Le groupe Sonatrach (SH) avait annoncé que l'acquisition de cette raffinerie permettrait de ne plus importer ces produits. Plus encore, elle devait exporter les produits excédentaires. A travers cette acquisition, le système de raffinage du groupe SH devait être renforcé d'une capacité de raffinage de 10 millions de tonnes par an de traitement en sus, et d'un stockage équivalant à une autonomie supplémentaire de trois jours de consommation en gasoil et de trois jours de consommation en essence. Cependant, selon des sources proches du dossier, un contrat est signé avec le géant saoudien d'hydrocarbures Aramco, pour traiter le pétrole saoudien! Raïs affirme, pour sa part, qu'il n'a rien à voir avec l'achat de la compagnie. Or, des sources crédibles assurent qu'il a effectué plusieurs déplacements à Augusta pour examiner cette raffinerie, construite en 1949, dont nombre d'experts ont jugé l'acquisition «incompréhensible et coûteuse». Selon des sources informées, des officiers de la police judiciaire, sur instruction du parquet général, se sont présentés récemment à la direction générale de Sonatrach pour réclamer des dossiers.
Par ailleurs, plusieurs cadres sont ciblés par cette enquête. Il est également reproché au vice-président du raffinage et de la pétrochimie, toujours selon les mêmes sources, «ses méthodes désuètes et l'irrespect des normes de gestion».

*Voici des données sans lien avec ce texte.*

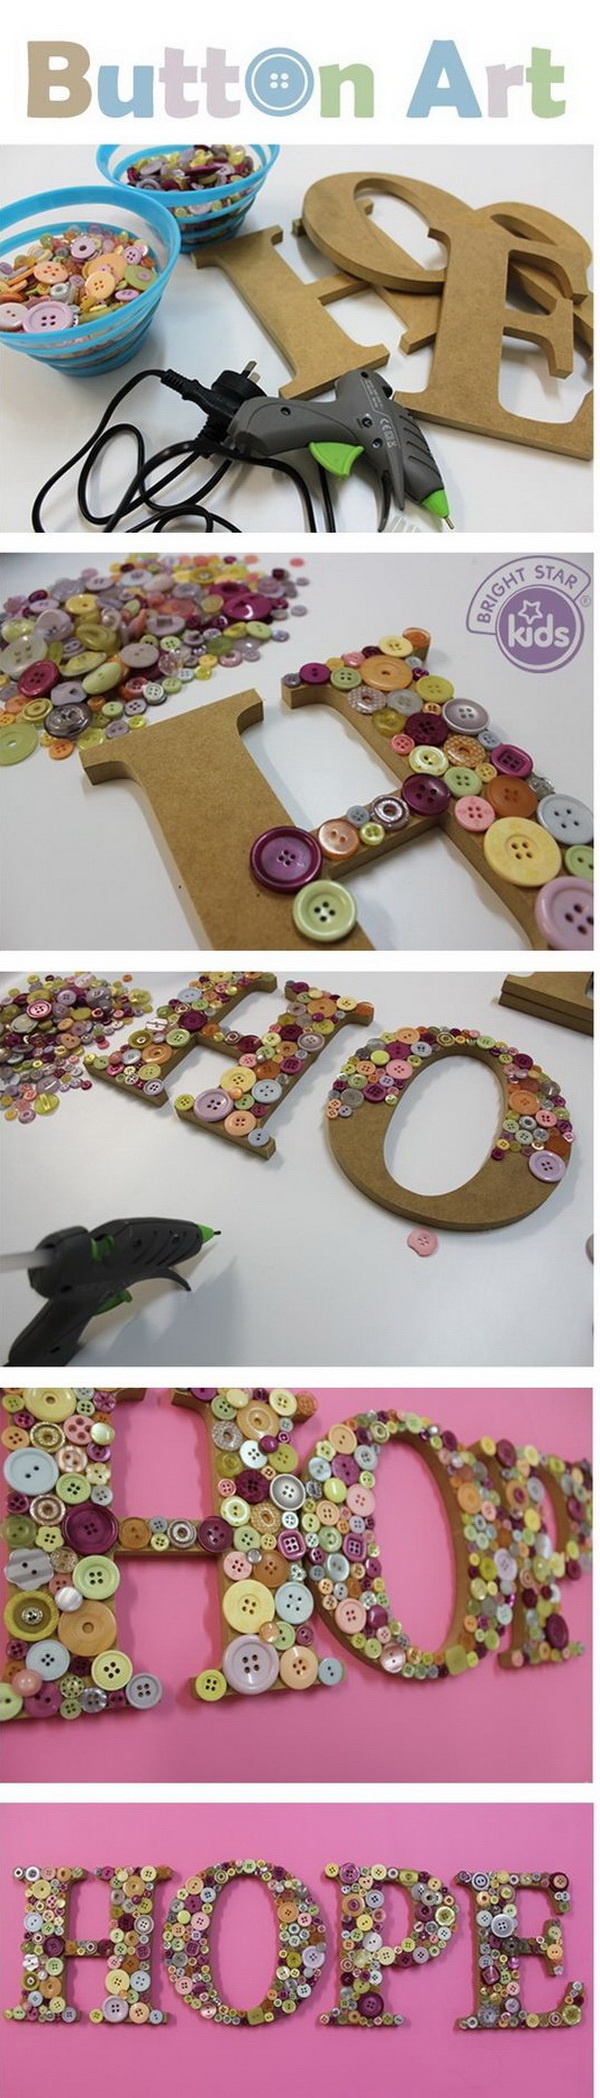 Button Letter Wall Art. Button art – Perfect for birthday party decoration. Easy to make and extremely creative! 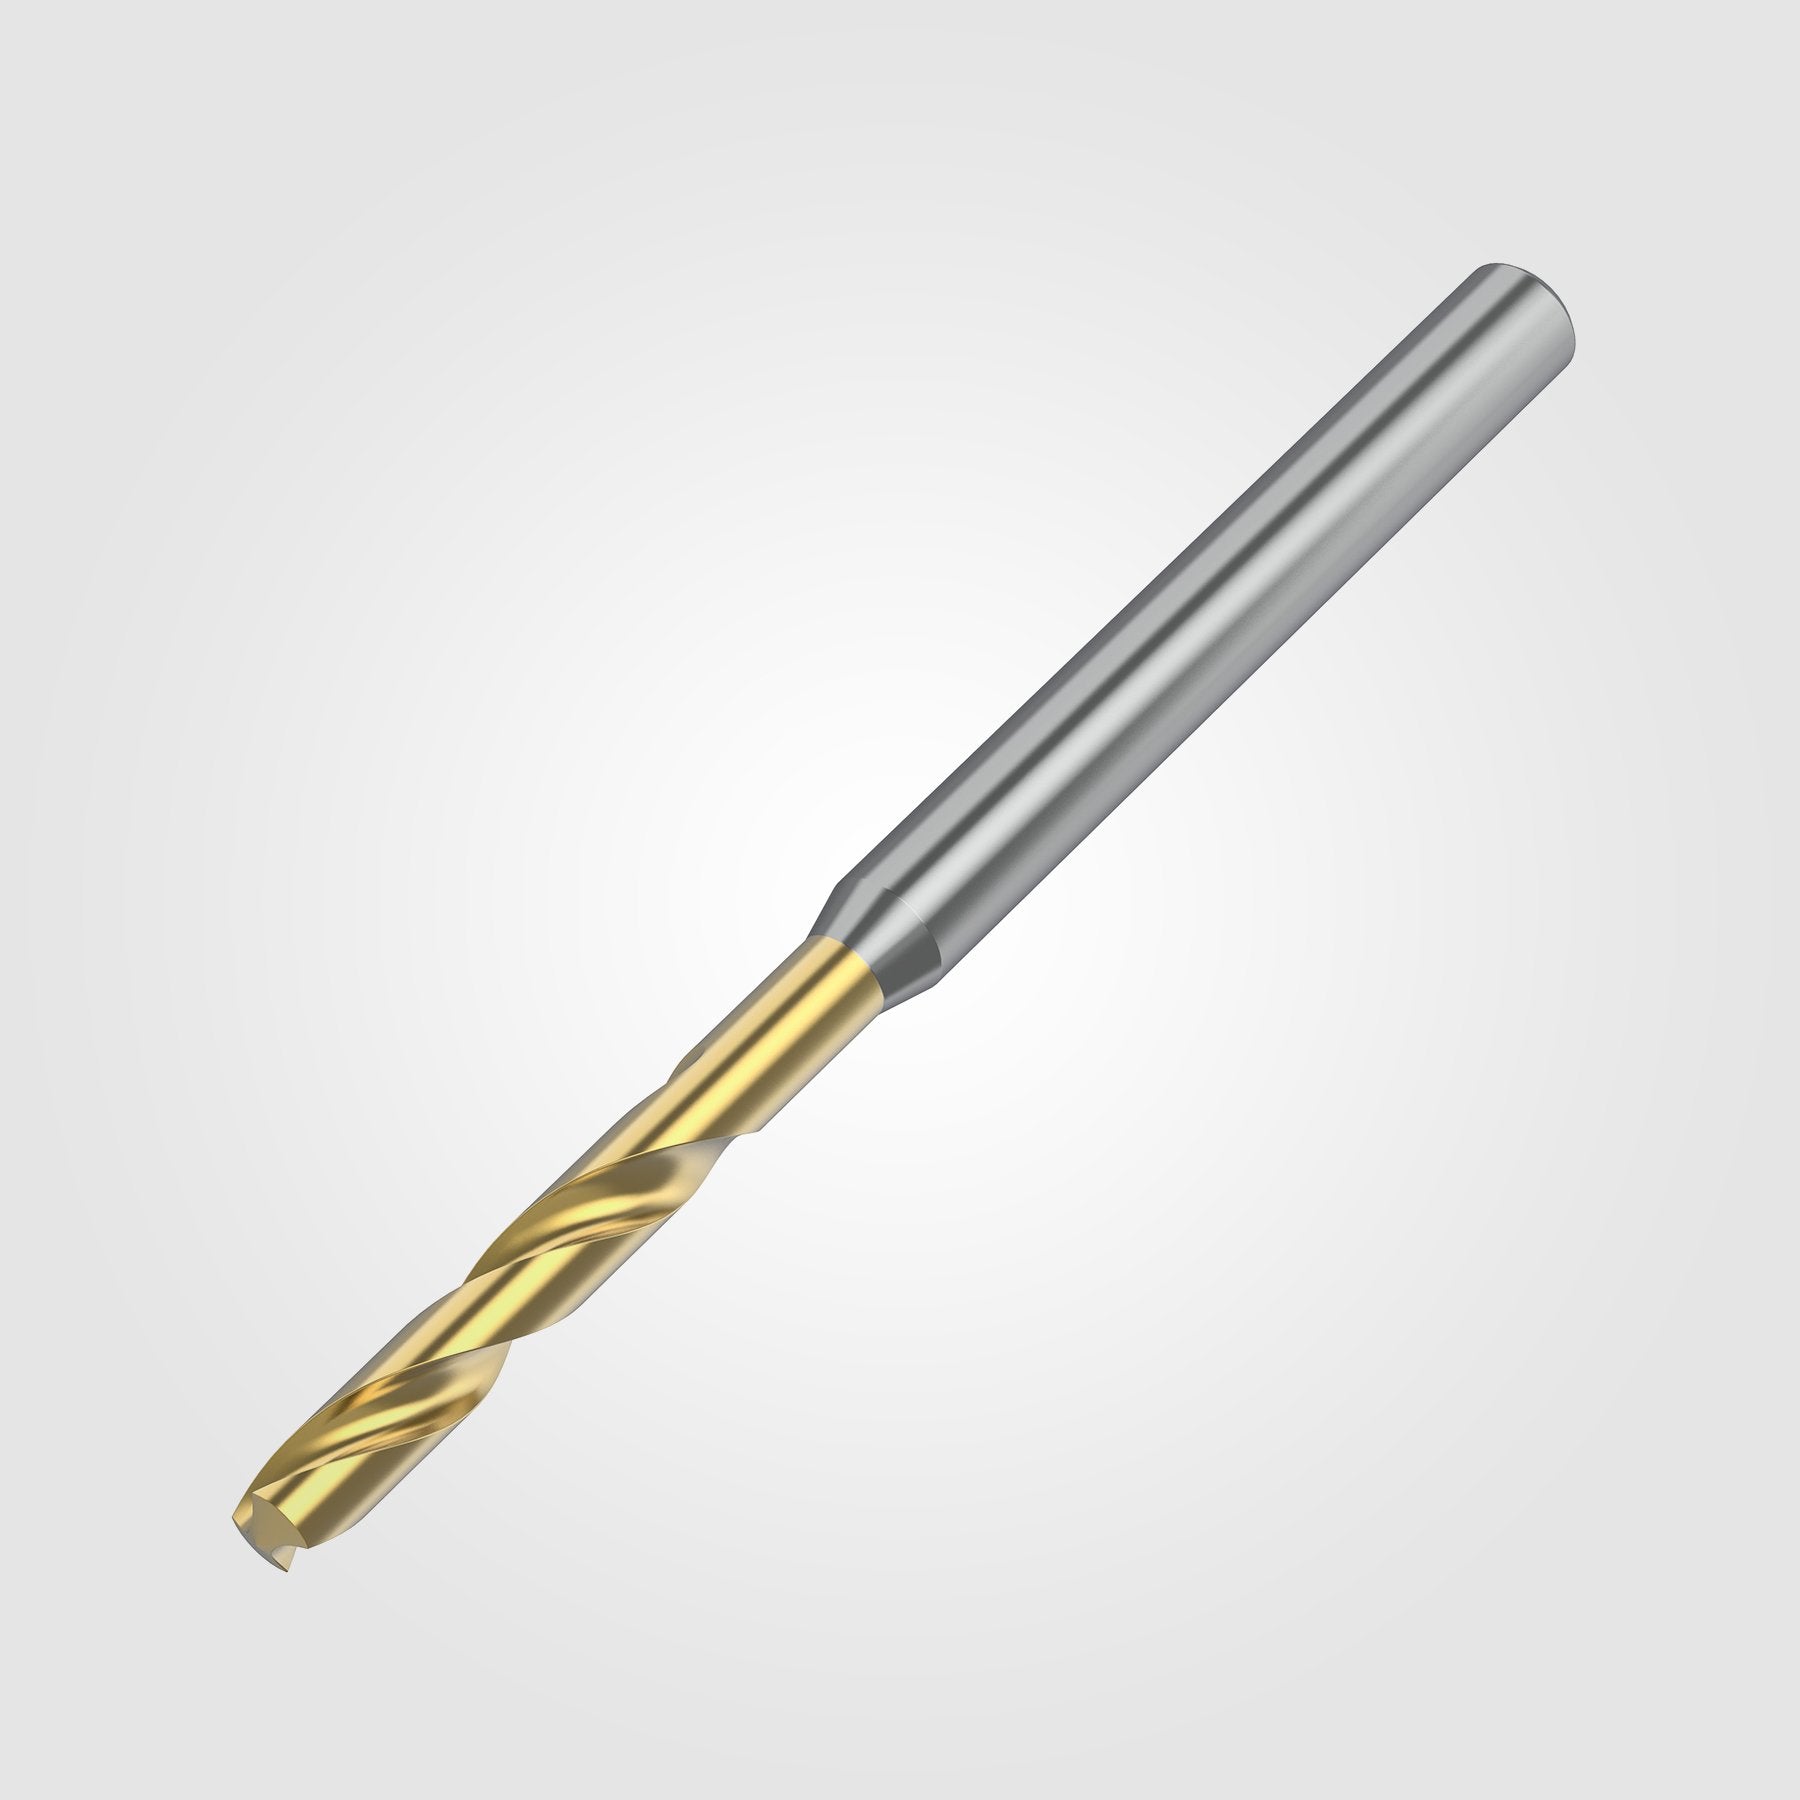 GOdrill (THROUGH COOLANT) | 3.8mm / .1496" / 3xD | SOLID CARBIDE DRILL | 4151115

La raffinerie, rachetée au groupe américain Exxon Mobil, devait raffiner du pétrole algérien pour répondre aux besoins grandissants du marché algérien, avait annoncé en grande pompe Ould Kaddour. Il n'en fut rien, puisque Sonatrach achète du pétrole saoudien pour faire fonctionner cette même raffinerie, qualifiée «d'épave» par les experts. Cette transaction, qui a suscité suspicion quant aux réelles motivations, a même été qualifiée de rachat de complaisance au profit d'Exxon. Raïs s'était déjà illustré par une mauvaise gestion à la raffinerie d'Arzew, laissant à son successeur, Bouaziz, un tas de problèmes. Selon de nombreux témoignages, celui-ci a dû combler les lacunes laissées par son prédécesseur. Nommé directeur divisionnaire à la tête des cinq raffineries, Bouaziz réussit toutefois à relancer le projet de réhabilitation de la raffinerie de Sidi R'zine en s'appuyant sur le groupe China Petroleum Engineering and Construction (Cpecc), suite à la résiliation du contrat avec le français Technip. Un procédé devenu courant, dit-on, entre Sonatrach et les compagnies étrangères qui finit au tribunal d'arbitrage, causant des pertes colossales à Sonatrach.